第五章 桃园诗会忙
午后的阳光温暖喜人,桃园随处芳菲之气,置身于花海之中,让人不由为之心怡,然而一道不甚和谐的声音,照旧在人群之中炸响。
“我看他是不敢来吧!”
此次接风宴乃诗会雅集的性质,由王家长房次子王锦纶主持,苏家这边除了苏瑜,尚有苏家其他房的一些青年才俊,而赵家则由三代的赵文裴牵头,连赵家**赵鸾儿都乔妆了男装,前来凑热闹。

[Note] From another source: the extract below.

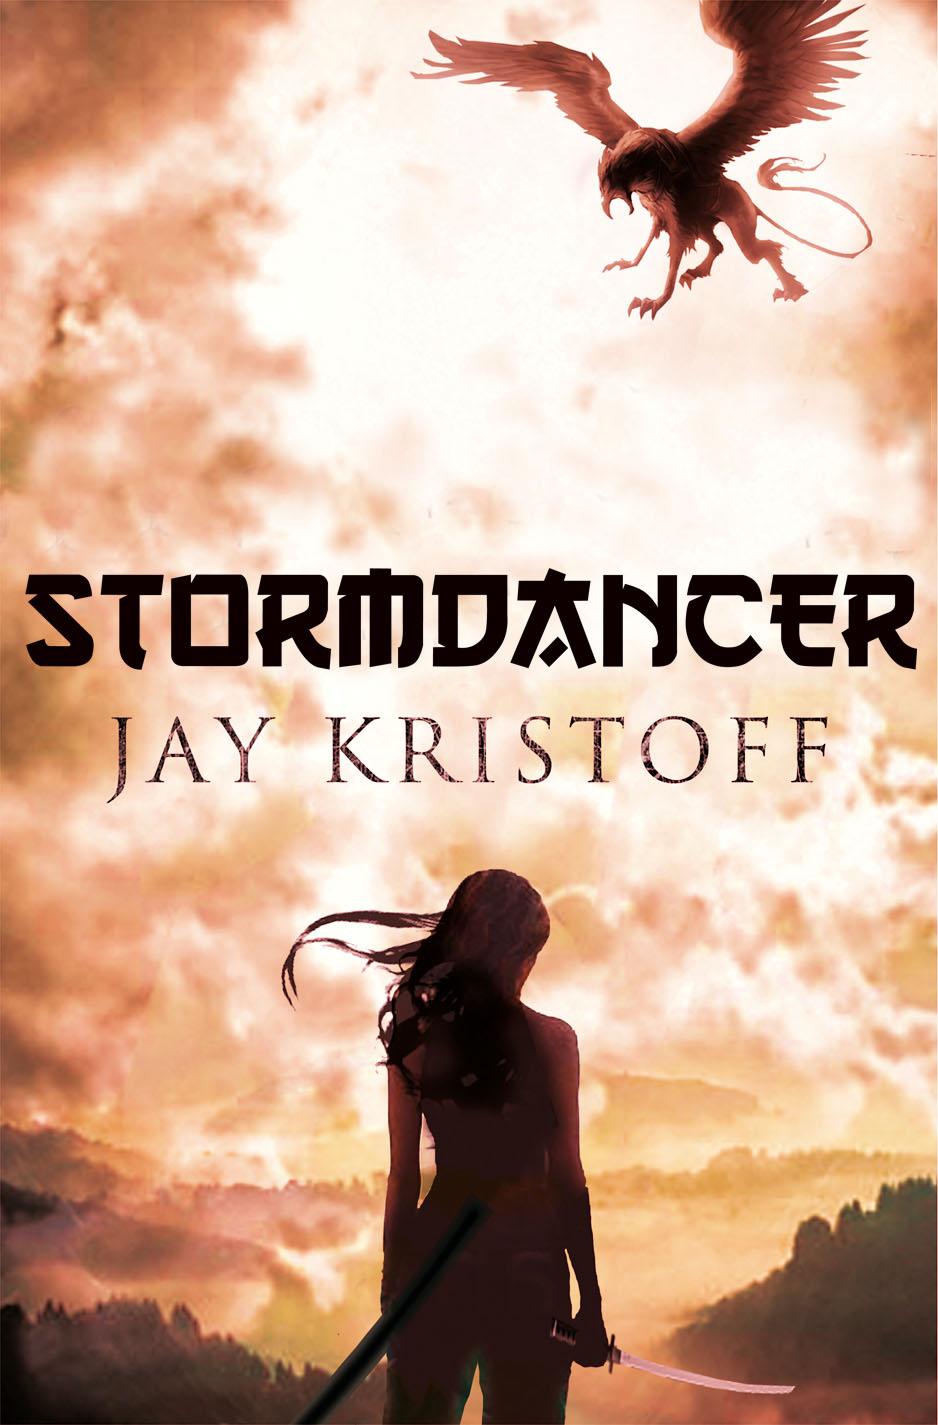 Stormdancer cover process

赵文裴在杭州文坛多有才名,与苏瑜交厚,被誉为一时之瑜亮,只惋惜年长之后,二人走上了差异的蹊径,苏瑜掌管家族生意,而赵文裴则金榜题名,考取了进士,如今正在活络关系,想补一个好一点的实缺官职。
苏家有意修补关系,赵文裴也是乐见其成的,况且他与苏瑜关系向来不错,可随之而来的小妹赵鸾儿却不以为然,盖因此女对苏牧有些看不上,反倒对杭州宋氏粮行的令郎宋知晋有些心意,此次竟然私下邀了宋知晋及其挚友过来,适才出言讥笑的,正是这位宋知晋!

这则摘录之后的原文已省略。